▸ Material provided

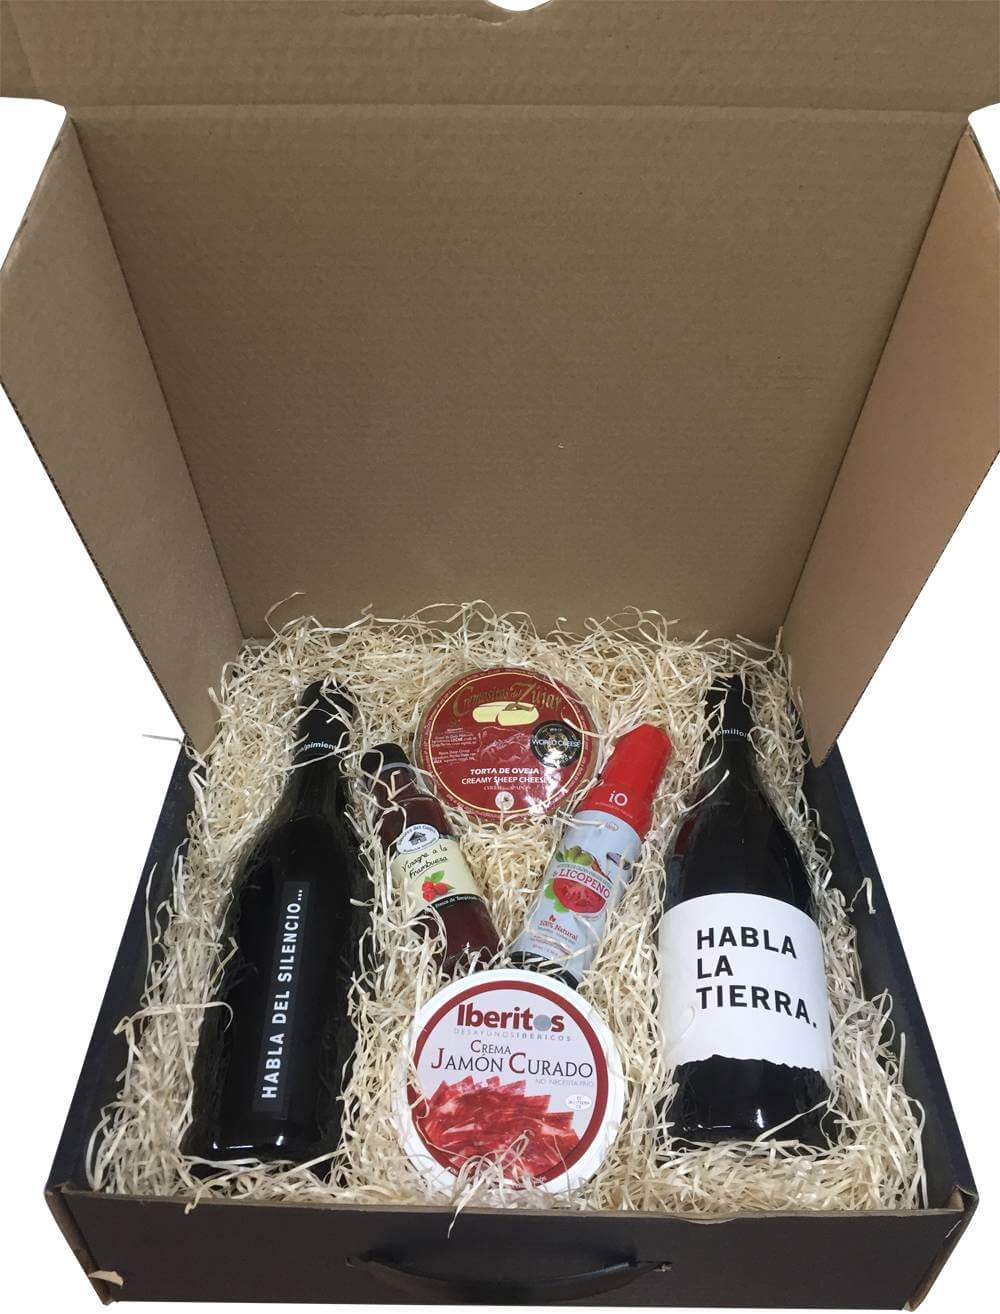 Large Gift Box with Speech, Cremosito, Vinegar, Oil and Cream Ham for Business
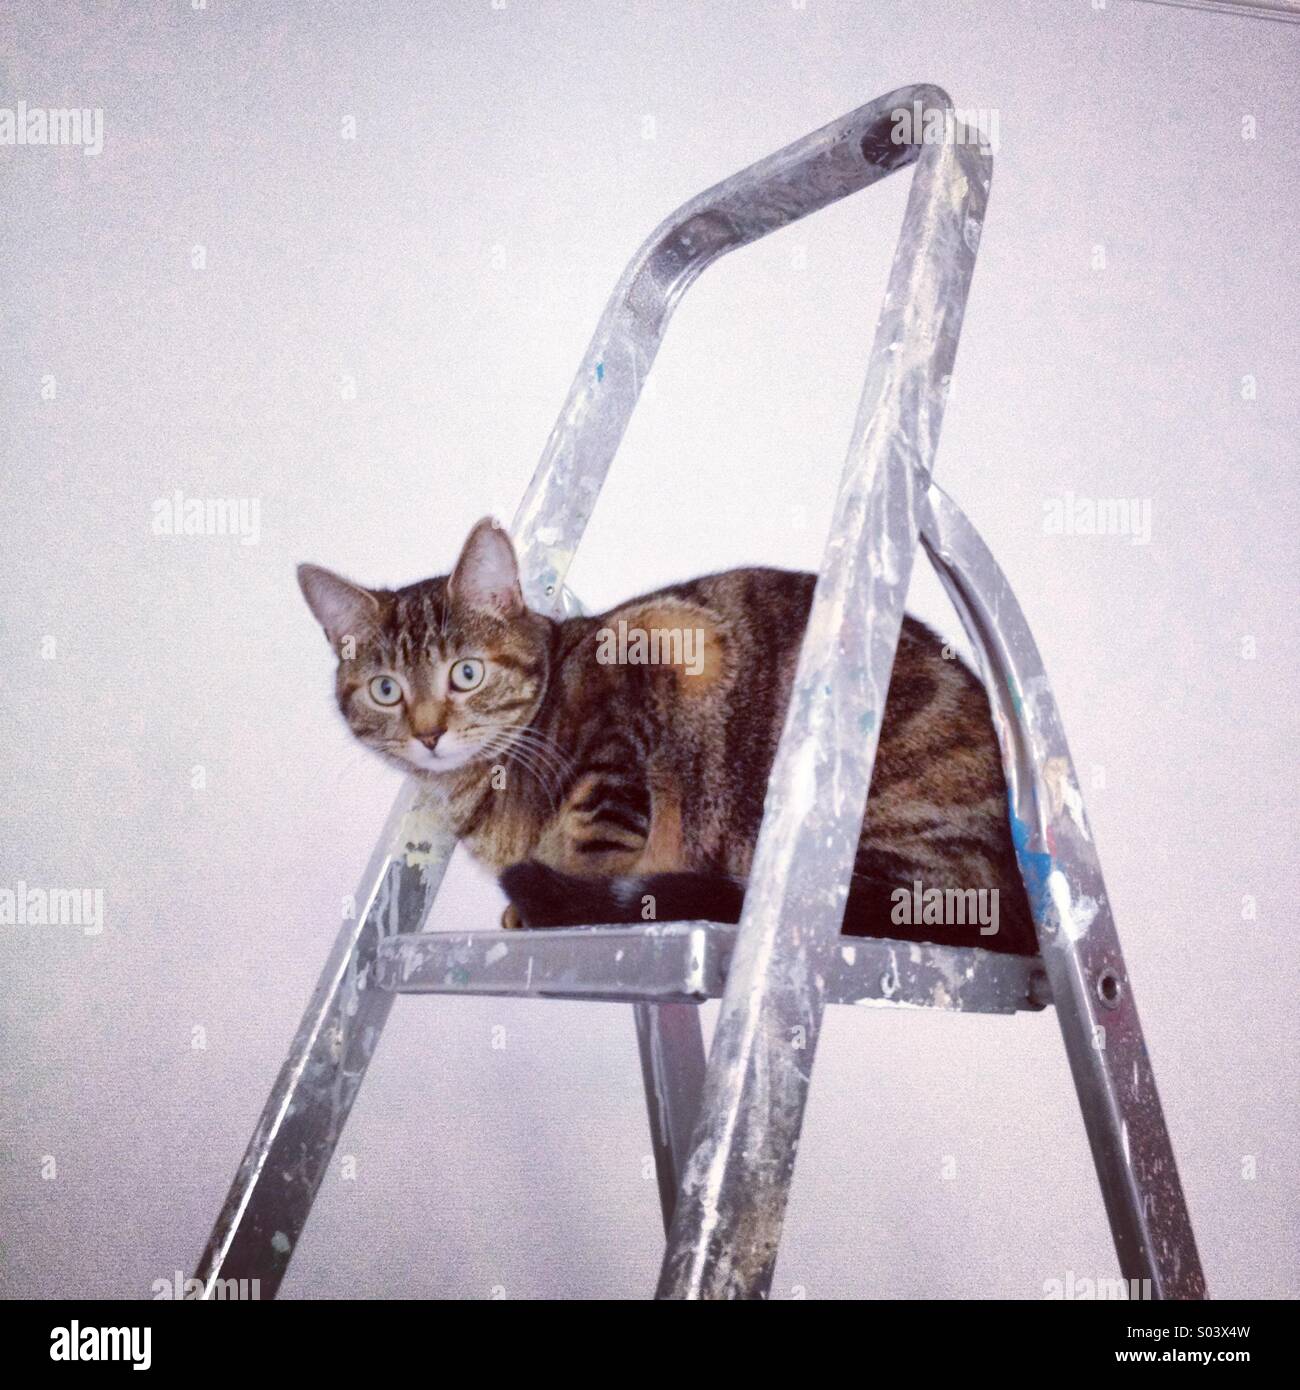 Tabby cat sitting on step ladders Stock Photo
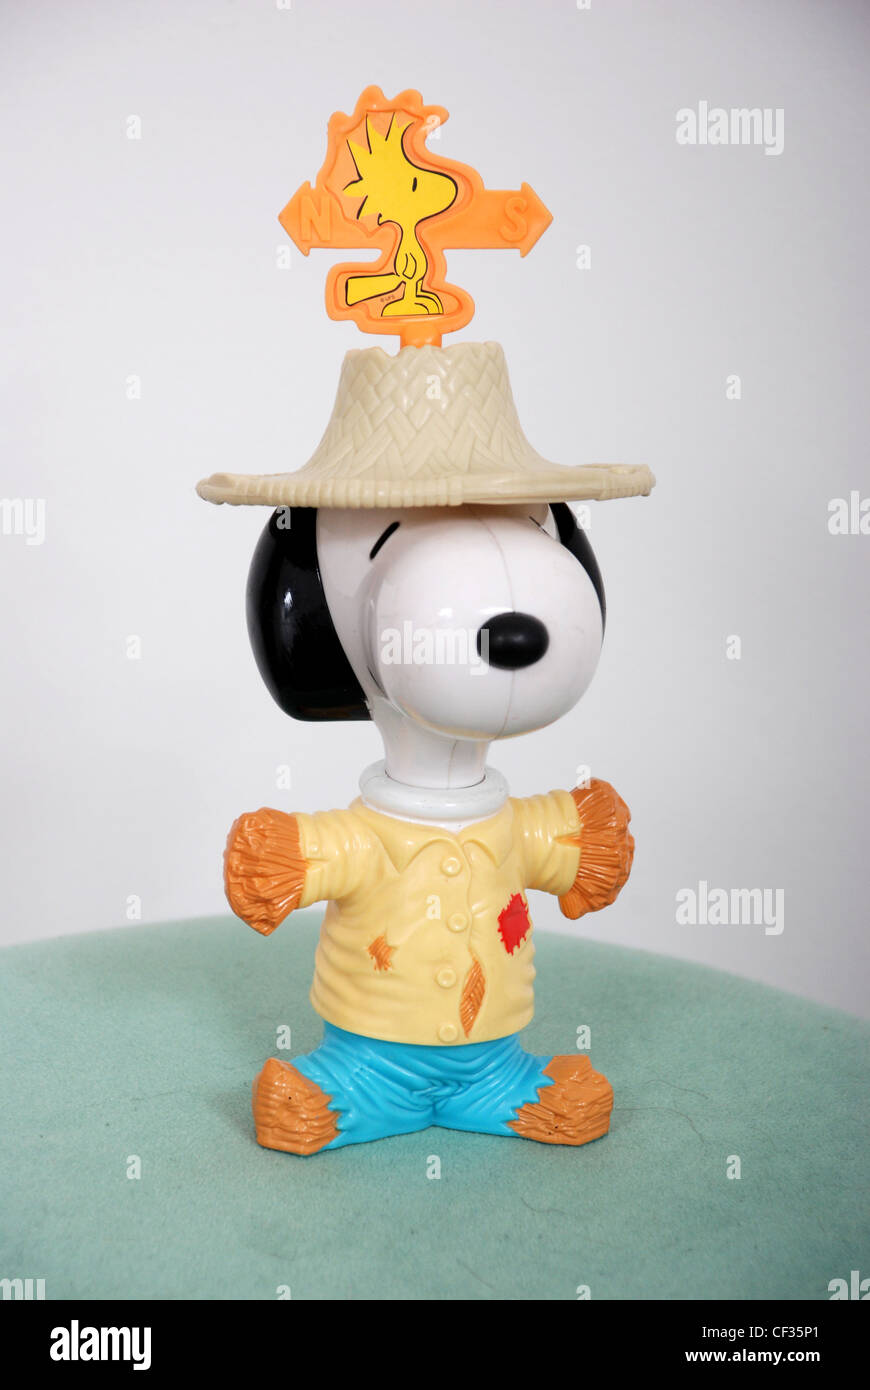 Plastic toy of famous dog from cartoons Stock Photo

▸ What the task asks
Transcribe each line of the material above verbatim, but do not include the images.

▸ Expected output
 Large Gift Box with Speech, Cremosito, Vinegar, Oil and Cream Ham for Business
 Tabby cat sitting on step ladders Stock Photo
 Plastic toy of famous dog from cartoons Stock Photo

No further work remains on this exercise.